1.10. Asynchronous errata updates

Security, bug fix, and enhancement updates for OpenShift Container Platform 4.8 are released as asynchronous errata through the Red Hat Network. All OpenShift Container Platform 4.8 errata is available on the Red Hat Customer Portal. See the OpenShift Container Platform Life Cycle for more information about asynchronous errata.

Red Hat Customer Portal users can enable errata notifications in the account settings for Red Hat Subscription Management (RHSM). When errata notifications are enabled, users are notified via email whenever new errata relevant to their registered systems are released.

Note

Red Hat Customer Portal user accounts must have systems registered and consuming OpenShift Container Platform entitlements for OpenShift Container Platform errata notification emails to generate.

This section will continue to be updated over time to provide notes on enhancements and bug fixes for future asynchronous errata releases of OpenShift Container Platform 4.8. Versioned asynchronous releases, for example with the form OpenShift Container Platform 4.8.z, will be detailed in subsections. In addition, releases in which the errata text cannot fit in the space provided by the advisory will be detailed in subsections that follow.

Important

For any OpenShift Container Platform release, always review the instructions on updating your cluster properly.

1.10.1. RHSA-2021:2438 - OpenShift Container Platform 4.8.2 image release, bug fix, and security update advisory

Issued: 2021-07-27

OpenShift Container Platform release 4.8.2, which includes security updates, is now available. The bug fixes that are included in the update are listed in the RHSA-2021:2438 advisory. The RPM packages that are included in the update are provided by the RHSA-2021:2437 advisory.

Space precluded documenting all of the container images for this release in the advisory. See the following article for notes on the container images in this release:

OpenShift Container Platform 4.8.2 container image list

1.10.2. RHBA-2021:2896 - OpenShift Container Platform 4.8.3 bug fix update

Issued: 2021-08-02

OpenShift Container Platform release 4.8.3 is now available. The bug fixes that are included in the update are listed in the RHBA-2021:2896 advisory. The RPM packages that are included in the update are provided by the RHBA-2021:2899 advisory.

Space precluded documenting all of the container images for this release in the advisory. See the following article for notes on the container images in this release:

OpenShift Container Platform 4.8.3 container image list

1.10.2.1. Upgrading

To upgrade an existing OpenShift Container Platform 4.8 cluster to this latest release, see Updating a cluster by using the CLI for instructions.
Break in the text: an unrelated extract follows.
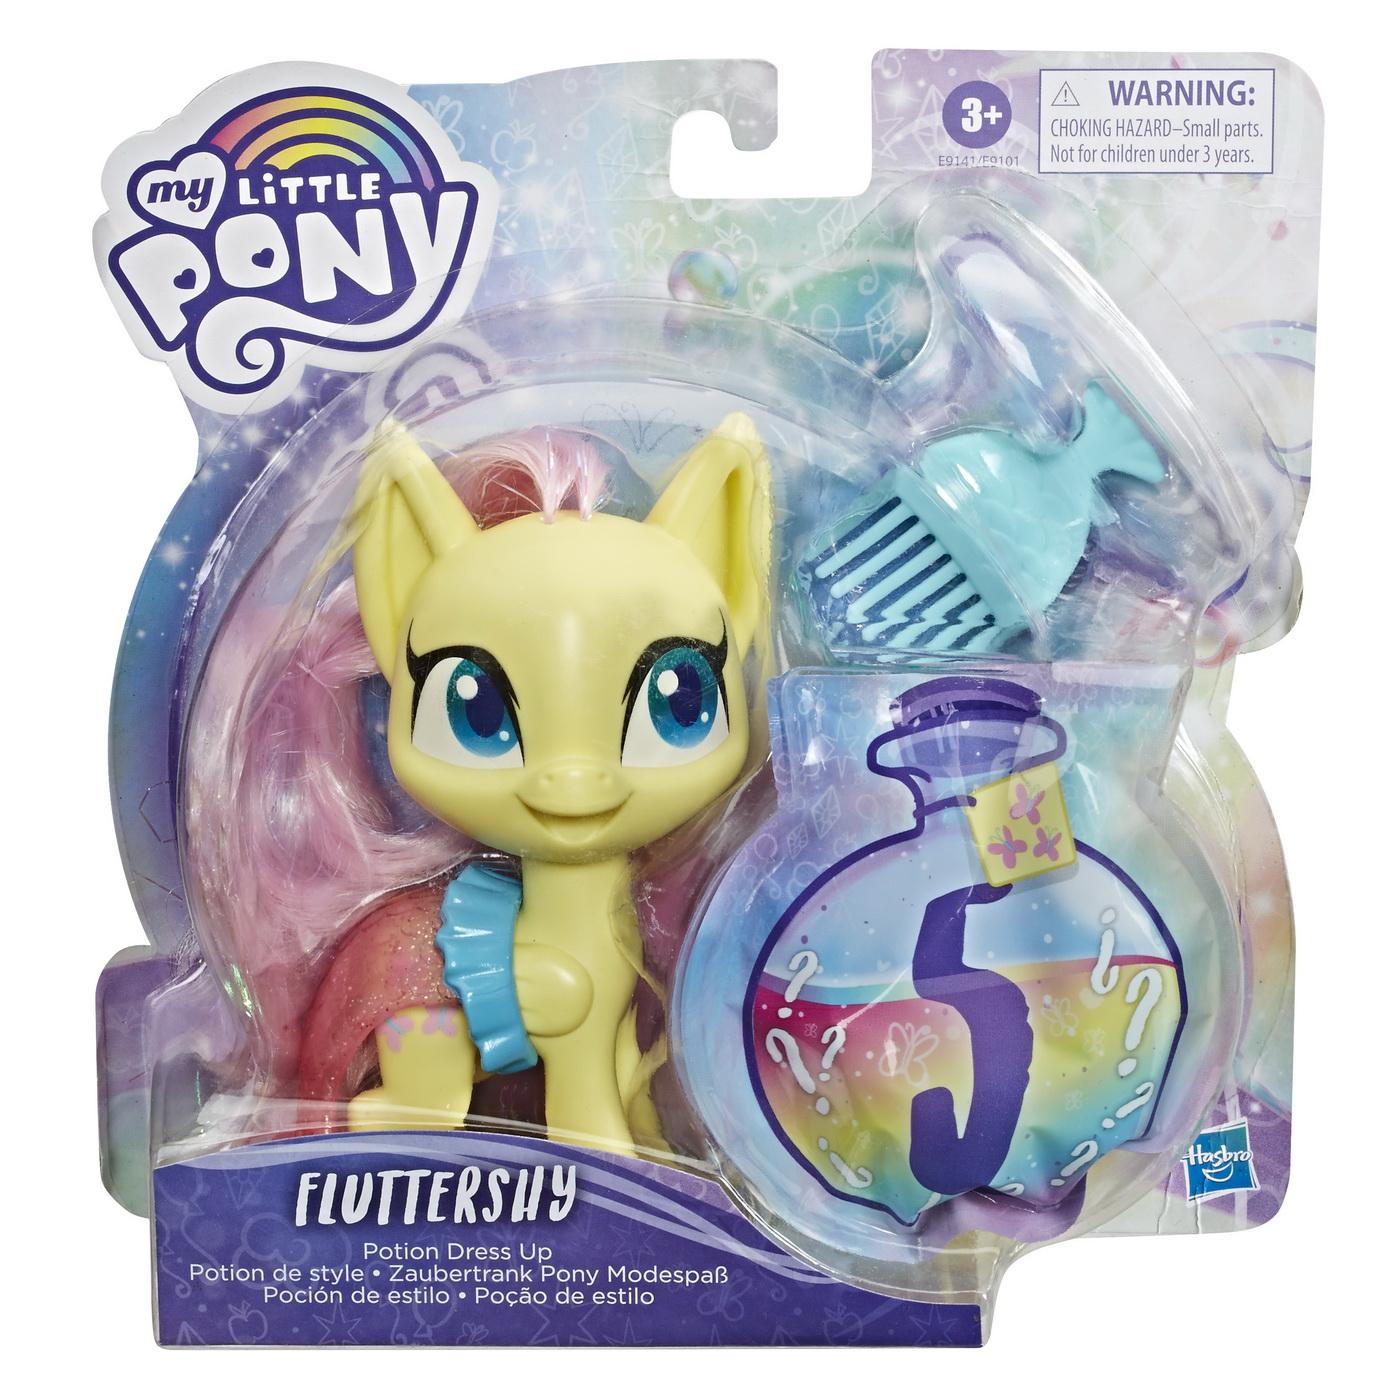 My Lttle Pony Poneiul Fluttershy potion dress up

1.10.3. RHSA-2021:2983 - OpenShift Container Platform 4.8.4 security and bug fix update

Issued: 2021-08-09

OpenShift Container Platform release 4.8.4 is now available. The bug fixes that are included in the update are listed in the RHSA-2021:2983 advisory. The RPM packages that are included in the update are provided by the RHSA-2021:2984 advisory.

Space precluded documenting all of the container images for this release in the advisory. See the following article for notes on the container images in this release:

OpenShift Container Platform 4.8.4 container image list

1.10.3.1. Bug fixes

  • Previously, BZ#1954309 and BZ#1960446 were listed as fixed bugs in the OpenShift Container Platform 4.8.3 release notes, but were omitted from the version 4.8.3 release. With this release, the bug fix summary for BZ#1960446 is moved to the "Bug fixes" section of the OpenShift Container Platform 4.8.4 release notes, and the bug fix summary for BZ#1954309 is removed.
  • Previously, there was an incorrect toleration setting on the nmstate-handler pod, which made network configuration on nodes with the nmstate Operator impossible. With this update, the handler pod allows toleration on all nodes. (BZ#1960446)
  • Previously, the web console showed The operator is running in openshift-operators but is managing this namespace for failed copied ClusterServiceVersion objects (CSVs). This message was not specific and did not help the user troubleshoot the failed CSV. With this release, the message for copied CSVs directs the user to the original CSV to find the cause of the failure, and provides a link to the original CSV. (BZ#1972478)
  • Previously, the Operator to check if the registry should use custom tolerations checked spec.nodeSelector instead of spec.tolerations, but the custom tolerations from spec.tolerations are applied only when spec.nodeSelector is set. With this release, the spec.tolerations is checked and the Operator uses custom tolerations if spec.tolerations is set. (BZ#1973662)
  • Previously, if a deployment was created without an image stream and no image.openshift.io/triggers annotation, the deployment controller created replica sets in infinite loop. The issue has been resolved in this release. (BZ#1981770)
  • With this release, Manila CSI logs are added to the must-gather load. (BZ#1986026)
  • Previously, when using the automatic pinning for a VM, the name of the property was disabled, existing, or adjust. With this release, the name better describes each policy, and existing was removed because it is blocked on oVirt. The new property names are none and resize_and_pin, which align with the oVirt user interface. (BZ#1987182)

1.10.3.2. Upgrading

To upgrade an existing OpenShift Container Platform 4.8 cluster to this latest release, see Updating a cluster by using the CLI for instructions. (BZ#1972478)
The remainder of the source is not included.